# Quarantine and dog permit



## dogsandhorses (Sep 6, 2012)

Hello,

we will be moving from Germany to Kuala Lumpur next year and I have a lot of questions

I would like to take my two dogs with me. I have read that quarantine for dogs is one week, some people say it is a month. Additionally I would need a dog permit and that I need the approval from all my neighbours, that it is ok for them to have dogs in their neighbourhood. True???
What do I have to do to get get a permit? Is it right, that it depends on the district?
Are dogs usually allowed in rented houses? Can I arrange all this from Germany?

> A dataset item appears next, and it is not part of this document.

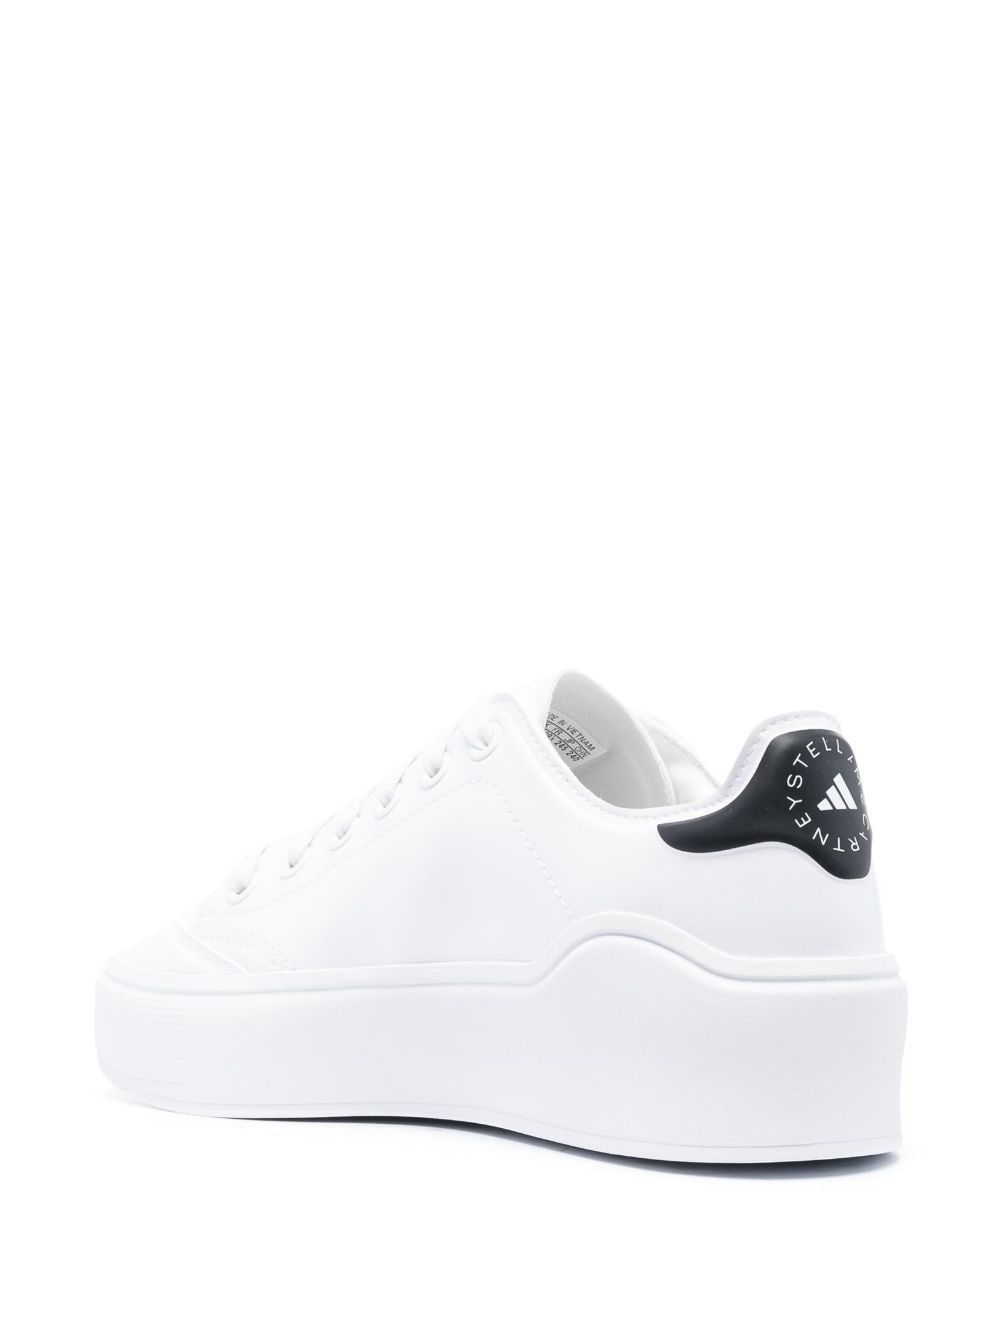 Adidas By Stella Mccartney Adidas By Stella McCartney Sneakers White
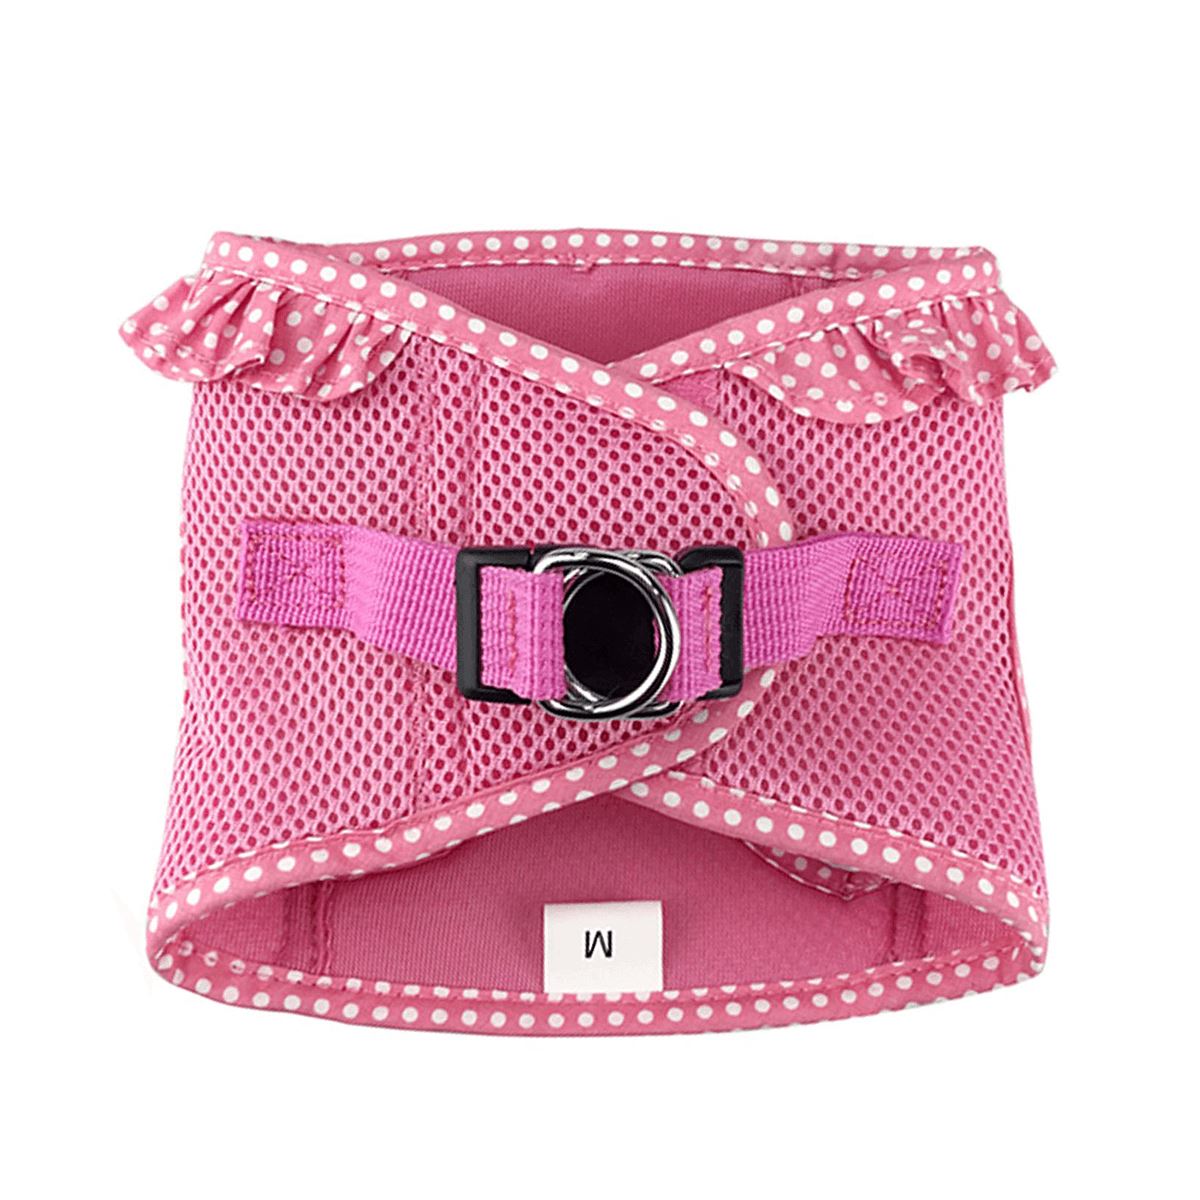 American River Choke Free Dog Harness in Pink Polka Dot | Pawlicious & Company

Thank you very much for your help!


----------



## lorgnette (Dec 19, 2010)

dogsandhorses said:


> Hello,
> 
> we will be moving from Germany to Kuala Lumpur next year and I have a lot of questions
> Go ahead and ask, we are a friendly group willing to help
> ...


----------



## MicheleWoods (Nov 8, 2012)

Hi, we moved from UK to Singapore last year with our dog and recently to moved to KL. We would suggest you use a professional pet movers as it will be well worth the cost, our dog Millie arrived as arrange a bit spaced out at first but has adapted really well. It was a bit difficult finding somewhere to live in KL but the 3rd property agent we used was amazing and she checked with each landlord that they would accept a dog before we viewed the properties (the first two said they had checked but everyone we wanted to go for they said the landlord had now changed their minds). The condo we live in doesn't officially allow dogs to live here but with our dog there are now two, if someone has a genuine complaint about our dog they could ask have to have her removed but we are respectful to our neighbors and the people we meet outside on our walks and so far so good. If you would like the contact details of the agent we used I am happy to pass on her details.


----------